PWMU.CO – Ada banyak unsur kejutan menanti jamaah Manaya Indonesia saat mereka bergerak dari Mesir ke tujuan utama Al Aqsa di Palestina, Senin (4/3/2018) pagi. Saking dekatnya rombongan cukup berjalan kaki dari Hilton International Hotel menuju Taba Border, wilayah perbatasan yang indah berada di tepian pantai, Red Sea –Bahrul Ahmar (Laut Merah). Berikut adalah catatan Arifin BH, konsultan media dan penulis buku untuk PWMU.CO.
Pukul 08.00 waktu setempat jamaah Manaya Indonesia berjumlah 24 orang sudah menginjak tapal batas wilayah yang menyerupai bibir seorang gadis cantik.
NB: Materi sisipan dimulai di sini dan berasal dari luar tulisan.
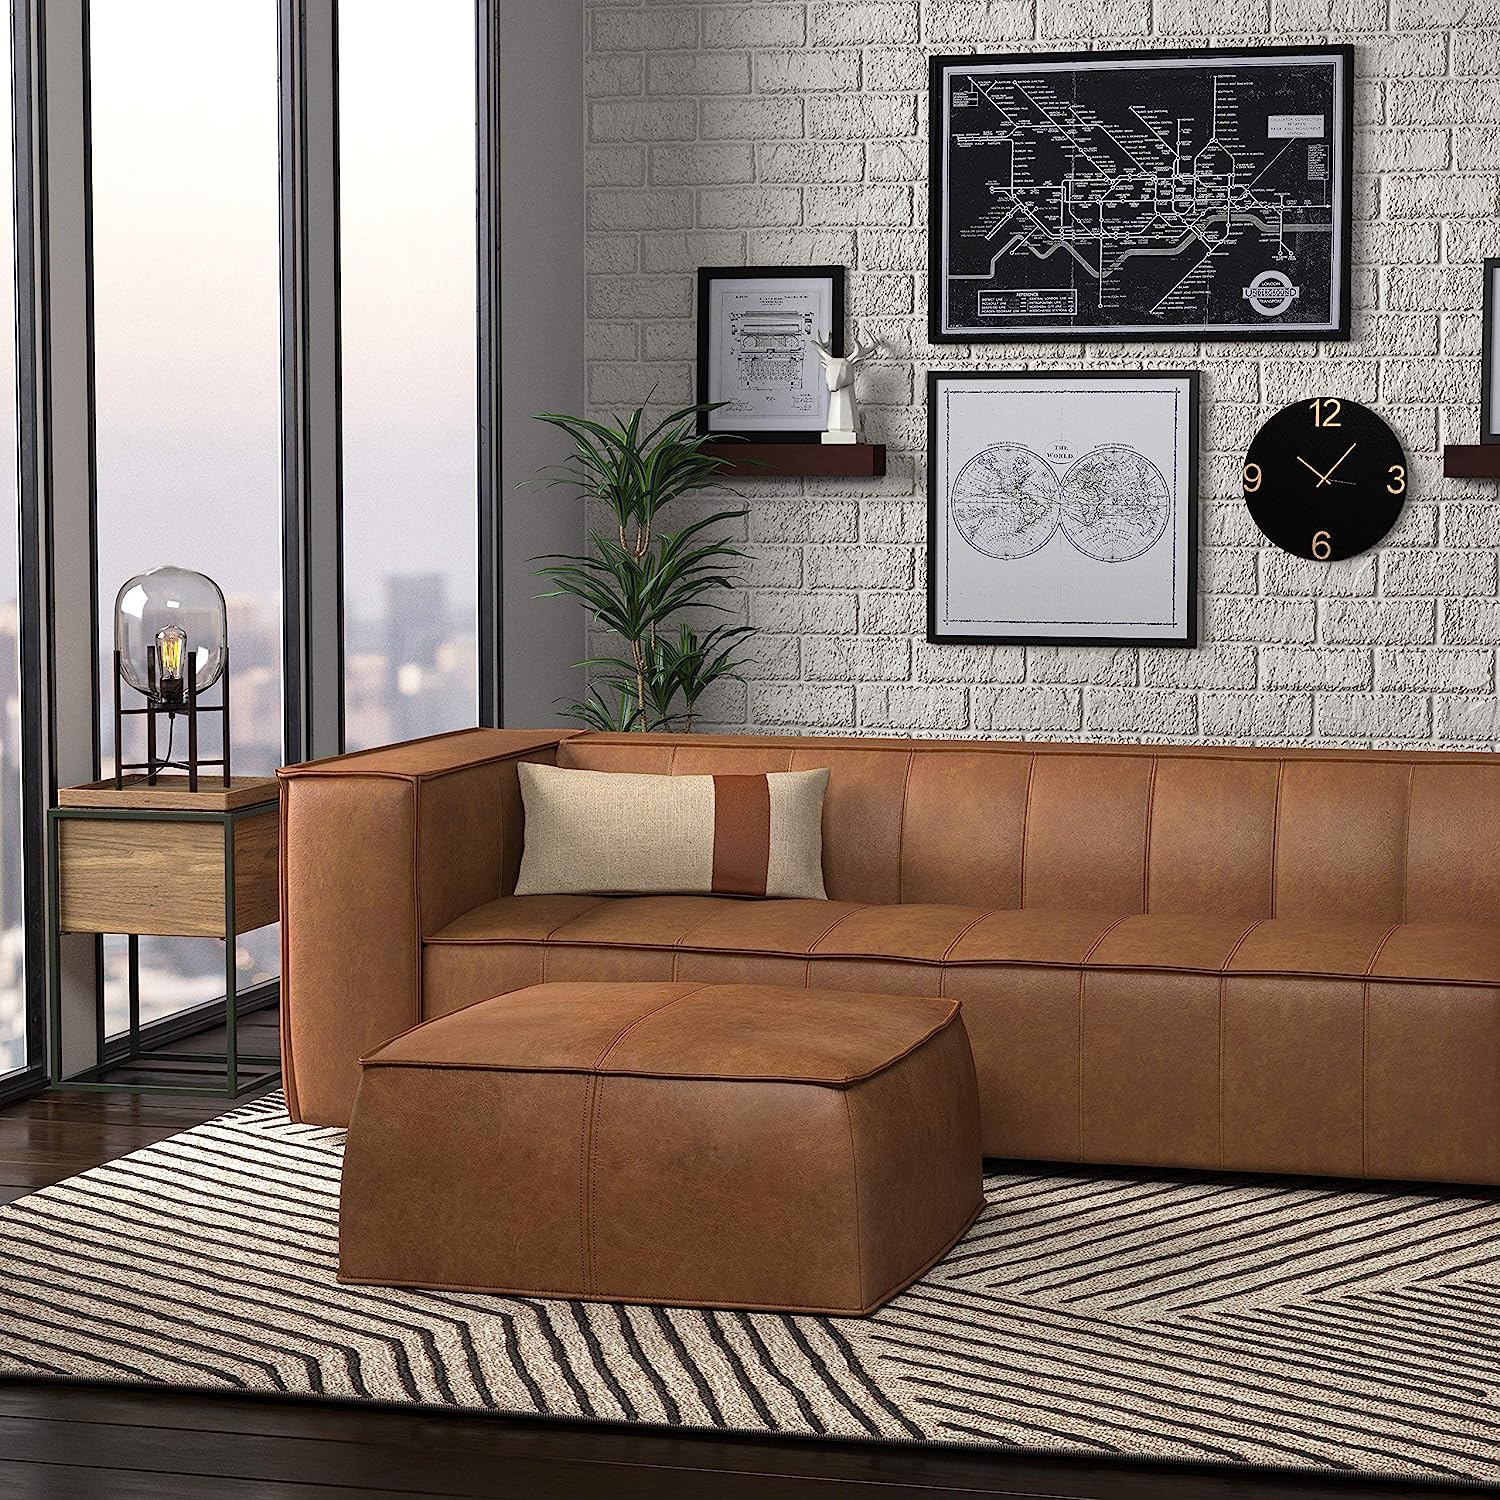 high quality leather square ottoman pouf style footrest for living room cocktail ottoman for sale online genuine leather upholstery medium brown color 36 inch ottomans on amazon

Berputar melingkar, meliuk tipis-tipis.
Antara serius dan tidak para penjaga di perbatasan Mesir sempat melempar senyum. Mohamed El Gendy, petugas travel yang ikut mengawal sejak dari Kairo melepas kami sampai di sini. Lelaki berpostur tinggi besar itu menyerahkan berkas peserta ziarah kepada Mukharam Khadafi –direktur travel umrah dan haji ManayaIndonesia. Khadafi untuk sementara mengambil alih kendali rombongan.
Posisi kami berada di belakang rombongan Philipina yang juga punya maksud sama, akan memasuki wilayah Palestina. “Inilah bentuk toleransi. Kita menghormati non muslim, karena posisi mereka lebih dahulu datangnya” bisik Abdul Adzim Irsad, dosen Fakultas Sastra Arab Universitas Negeri Malang.
Petugas imigrasi sangat cermat mengamati setiap orang. Lewat Gate 1 seperti tidak ada masalah. Dari bilik kaca seorang pria berbaju putih memanggil pimpinan Manaya Indonesia.
Dalam bahasa inggris dia meminta setiap orang agar mengangkat paspornya sambil berjalan memasuki rintangan sebuah pintu dorong otomatis. Batin saya dalam hati, “Ah, gampang amat cuma angkat paspor”.
Masuk Gate 2 mulai ketat. Petugas imigrasi Israel tidak hanya menggunakan mesin pemindai otomatis, tapi juga mengamati kami satu demi satu secara manual. Cara kerja pengamatan manual itu begini; ketika akan masuk X’ray ada satu orang imigrasi Israel melihat dan mengamati paspor seseorang.
Entah ilmu macam apa yang dimiliki petugas ini, karena hanya membandingkan antara foto paspor imigrasi dengan wajah asli secara kasat mata dia bisa “menghentikan” langkah si pemilik paspor. Paspor ditahan lalu pemilik paspor diberi secarik kertas warna merah atau putih. Saya tidak mengerti apa maksud dari kedua warna tersebut.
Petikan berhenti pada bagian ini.